# Install a Desktop Environment



## Locksley (Apr 10, 2011)

I've just installed FreeBSD but when I rebooted the PC, FreeBSD started in command line mode. How can I install XFCE or another D.E.?

(Sorry for my English, I'm Italian)


----------



## adamk (Apr 10, 2011)

You should really check the handbook before asking these types of questions.  It's even available in Italian:

http://www.freebsd.org/doc/it_IT.ISO8859-15/books/handbook/x11-wm.html

Adam


----------



## Locksley (Apr 11, 2011)

adamk said:
			
		

> You should really check the handbook before asking these types of questions.  It's even available in Italian:
> 
> http://www.freebsd.org/doc/it_IT.ISO8859-15/books/handbook/x11-wm.html
> 
> Adam



I tried to install xfce4 but when I start compiling, after the [cmd=]make install clean[/cmd] command.
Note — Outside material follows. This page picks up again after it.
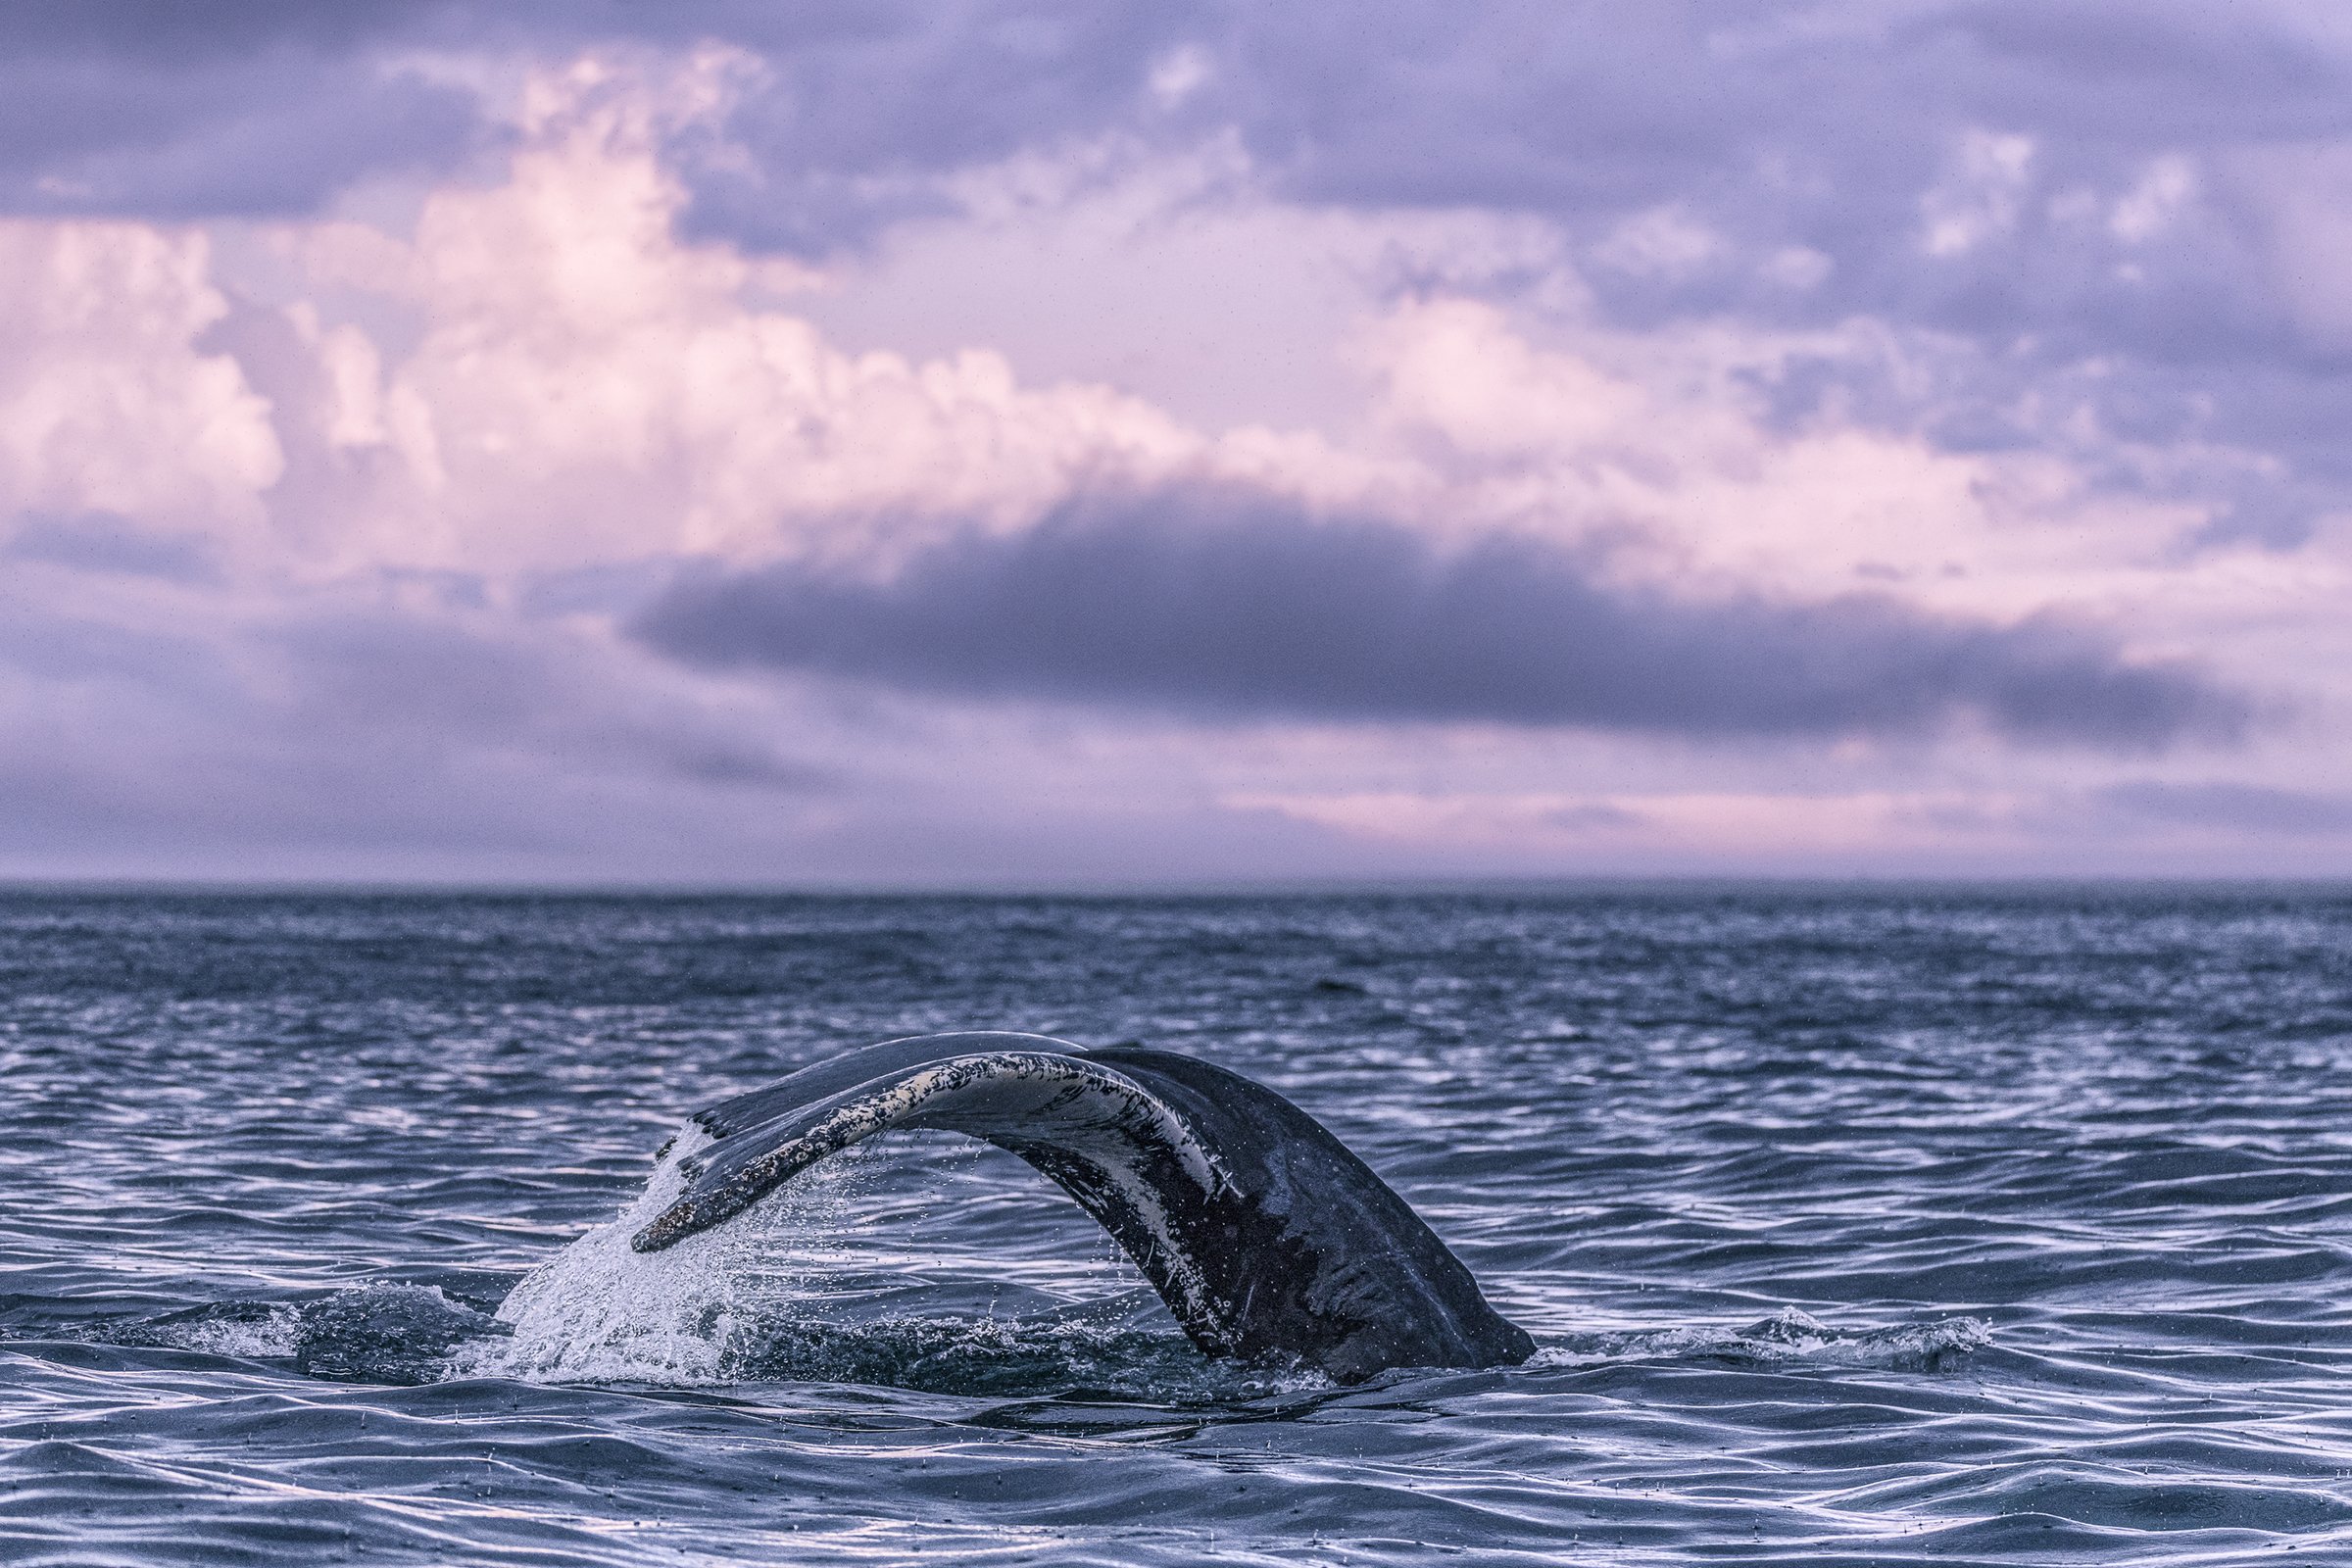 humpback whale tail.jpg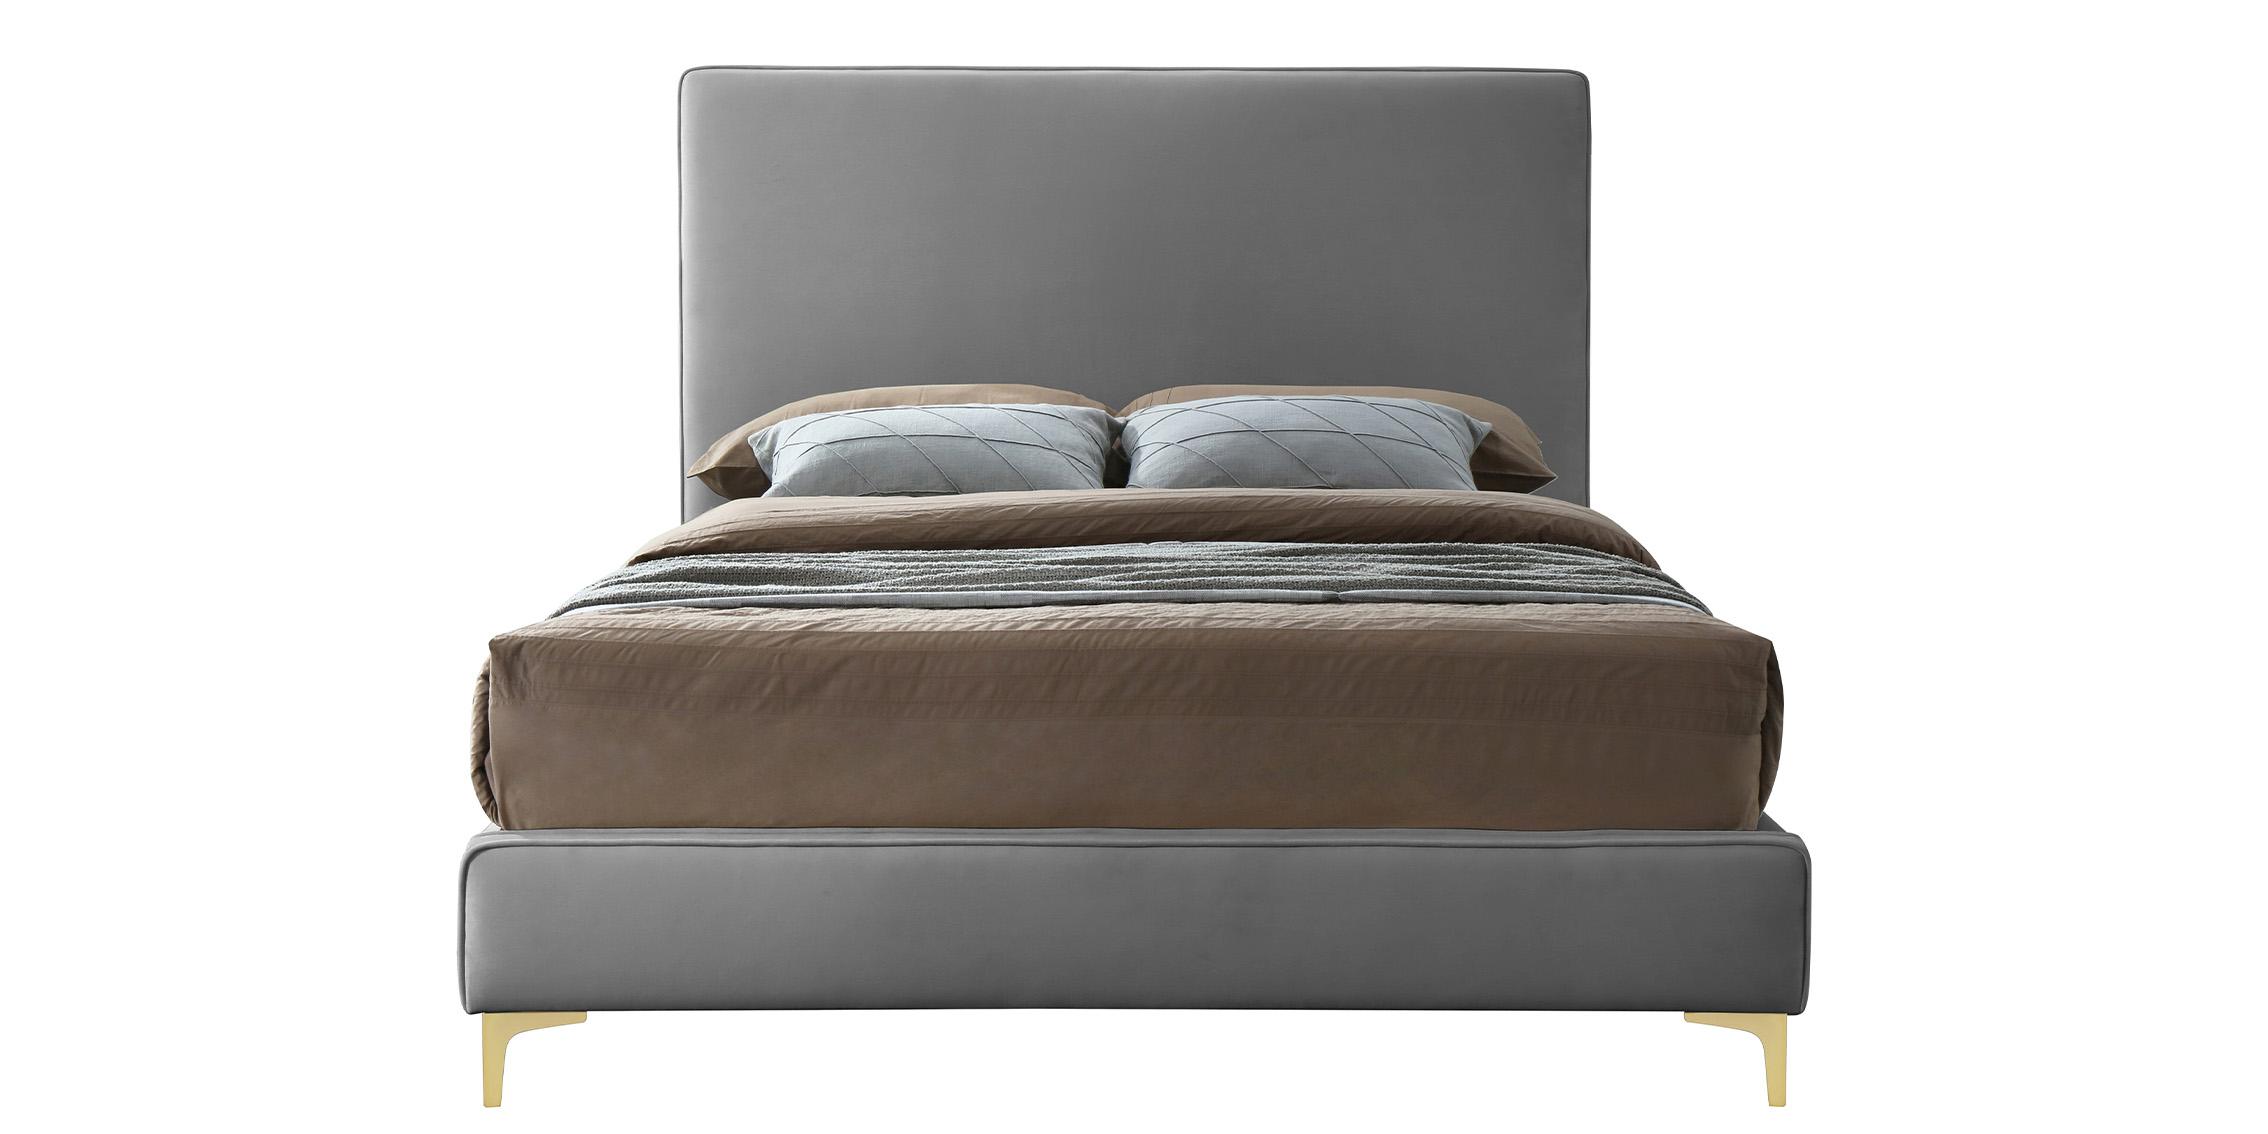 

    
GeriGrey-Q Meridian Furniture Platform Bed

FreeBSD works for about 20 minutes, then I get those lines:


```
./gtk.override: In funzion "_wrap_gtk_message_dialog_format_secondary_text"
./gtk.override: 6354: warning: null format string
./gtk.override: In funzion "_wrap_gtk_message_dialog_format_secondary_markup"
./gtk.override: 6377: warning: null format string
```

and it stops. Doesn't do anything... I've waited for about 10 minutess then I stopped the istallation.

What can I do to fix this problem?


----------



## Locksley (Apr 11, 2011)

Sorry for the double post, but in these two lines I made a mistake:


```
./gtk.override: In funzion "_wrap_gtk_message_dialog_format_secondary_markup"
./gtk.override: In funzion "_wrap_gtk_message_dialog_format_secondary_text"
```
They are:


```
./gtk.override: In fun[B]CT[/B]ion "_wrap_gtk_message_dialog_format_secondary_markup"
./gtk.override: In fun[B]CT[/B]ion "_wrap_gtk_message_dialog_format_secondary_markup"
```


----------



## SirDice (Apr 11, 2011)

Make sure your ports tree is up to date.


----------



## Locksley (Apr 11, 2011)

I've updated the ports tree via *portsnap*. But I still have the same problem compiling.

If I try 
	
	



```
pkg_updating xfce4
```
 it returns some warnings about updating from xfce4.4 to xfce 4.6, but it does nothing. How to update? It says that I need to remove some packages like x11/libxfce4msc (or something like that) but if I try to remove libxfce4msc *pkg_delete* returns that the package isn't installed. I have to do 
	
	



```
pkg_delete /x11/libxfce4msc
```
? 
I only tried with 
	
	



```
pkg_delete libxfce4msc
```

I can use 
	
	



```
startxfce
```
 but it starts a black screen and I must reset the pc.

If I try 
	
	



```
pkg_delete xfce4
```
 it says that xfce4 is not installed.


----------



## SirDice (Apr 11, 2011)

Locksley said:
			
		

> If i try
> 
> 
> 
> ...


Read /usr/ports/UPDATING:



> 20090304:
> AFFECTS: users of x11-wm/xfce4
> AUTHOR: oliver@FreeBSD.org
> 
> ...


----------



## Locksley (Apr 11, 2011)

Yes, this is the message, but... what can I do? I can't update XFCE? How can I delete the previous install for try to install the new version?


----------



## Beeblebrox (Apr 11, 2011)

There are several choices here, but I will assume that you will want to get around this problem with the minimum effort.  So I suggest you by-pass the problematic port with *pkg_add*.  This will download and install the binary (already compiled) package.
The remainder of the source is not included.